In the 19th century, Blarmachfoldach had a population of over 800. Reflecting the tragedy that gradually befell the Highlands as a whole, the population has gradually fallen to around 30, the last native dying in 2006. This was exacerbated by the cholera epidemic of the 19th century, when a ship in Loch Linnhe brought contaminated linen.

The Gaelic etymology of the name is not clear.
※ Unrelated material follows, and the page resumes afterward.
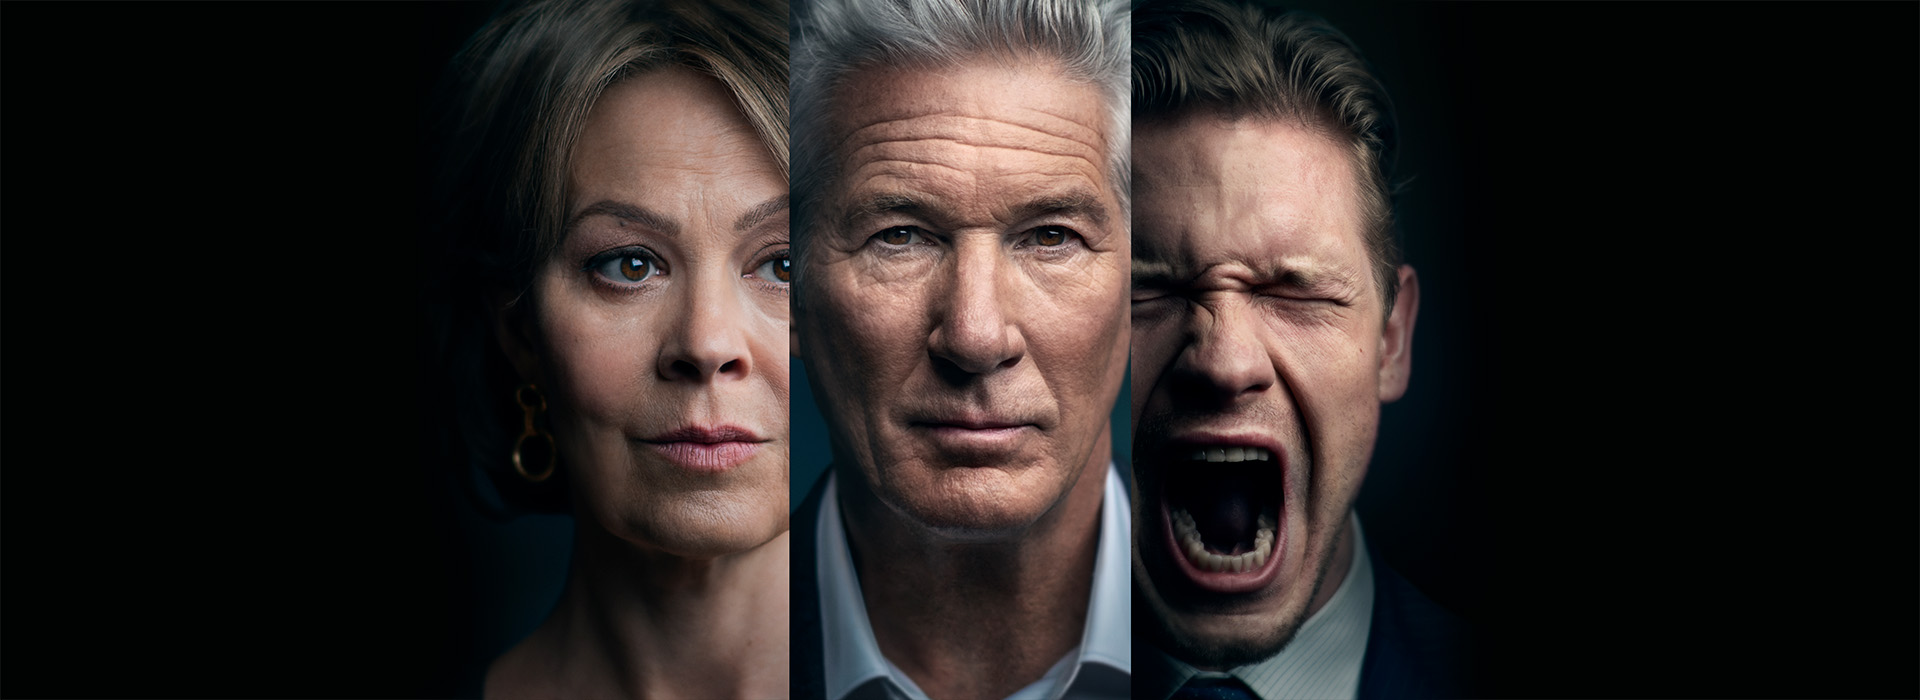 Series poster MotherFatherSon

Blàr typically refers to a field, often a battlefield, whereas the faoiltich are the cold early months of the year, corresponding to January (Faoilleach) in modern Gaelic.

Blàr mac Faoltaich is one of the 'four blars' in the area, comprising Blàr Mac Faoltaich, Blàr a' Chaorainn, Blàr nan Cléireach, and Blàr Mac Droighnich (also spelt Mac Droighneach, Mac Druineach, and nan Druineach, and meaning the field of the wise men).

The river Cìochnis (Cìoch Innis), shown by Ordnance Survey as "River Kiachnish", which originates in Lochan Lùnn dà-Bhrà, (Loch Lundavra) and passes through Blàr Mac Faoilteach, was the source of hydro-electric power for the first electric street lighting in Scotland, in nearby Fort William high street. The ruins of the turbine house and a bridge to cross the river (although dangerous to cross now) are still here to see today.

The West Highland Way passes through the clachan near one of its two endpoints.

Blar Mac Faoilteach was known locally as one of the last places to celebrate the old Highland New Year on January 12.